Their headline result: 76% of those 536 sketches showed at least one major misinterpretation of the data behind the stimuli charts. That is, most people misinterpreted most of the bar charts.
For the topics in the study (as well as our meta bar chart), a realistic interpretation would look like the green plot above, showing distributions that are centered(-ish) around the average, widely dispersed, overlapping between categories, and probably with some normal(-ish) shape to them.
But only 24% of the 536 sketches looked like the green plot. Instead, when they imagined the underlying data, most participants showed one of three common misinterpretations:
- Underestimating variability: 217 (40%) drawings underestimated the amount of variability in the distribution. So even though these distributions should overlap across categories, people assumed there was little-or-no overlap. Willmer and Kerns refer to this as the “dichotomization fallacy” because, in effect, it leads to viewers falsely assuming there are clear divisions between categories. The “OLI” score in the meta bar chart refers to the "overlap index" in the study.
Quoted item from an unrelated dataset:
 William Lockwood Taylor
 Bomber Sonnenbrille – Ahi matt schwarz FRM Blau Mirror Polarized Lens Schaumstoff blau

- “Within the bar” bias: 129 (24%) drawings showed the data points falling inside the area of the bar, rather than balanced around the bar’s end point which represents the average.
- False uniformity: 125 (23%) drawings showed the data as evenly distributed and ignored the shape of the distribution.
Not only are these misinterpretations common, they can have serious downstream consequences. For example, underestimating variability can lead to overestimating the differences between chart categories, with downstream impacts like:
- Mistaking coincidence for causality.
- Nudging business leaders into overpaying for ineffective equipment.
- Misleading patients into accepting medical treatments they might otherwise decline.
- Reinforcing harmful stereotypes about people from marginalized communities.
What does this mean for dataviz?
Many of us have heard the critique “that could have been a bar chart.” But despite their perceived simplicity, bar charts of averages can be surprisingly misleading.
- Charts can show accurate data and still be misleading. Misleading visualizations aren’t just about miscomprehension and biased decision making, they can also reinforce downstream beliefs with wider social implications.
- Avoid bars for showing averages, where they systematically mislead viewers about the underlying data and the reality behind the chart. (For that matter, be wary of single-point dot plots and confidence intervals, which are also susceptible to exaggerated differences or underestimated variability.)
- Ideally, anytime we’re showing an average, we’re also showing the data behind the average. We’re in a golden age of fun, compact, comprehensible ways to show distributions, like swarms, quantile dots, areas, rain clouds, violins, jitters, ranges, prediction intervals, ridges, histograms, gradient intervals, or even simple line charts. Most of these plots can be overlaid with averages and stacked to replace bars, and, importantly, each of these do a better job of showing the breadth and variability of the underlying data.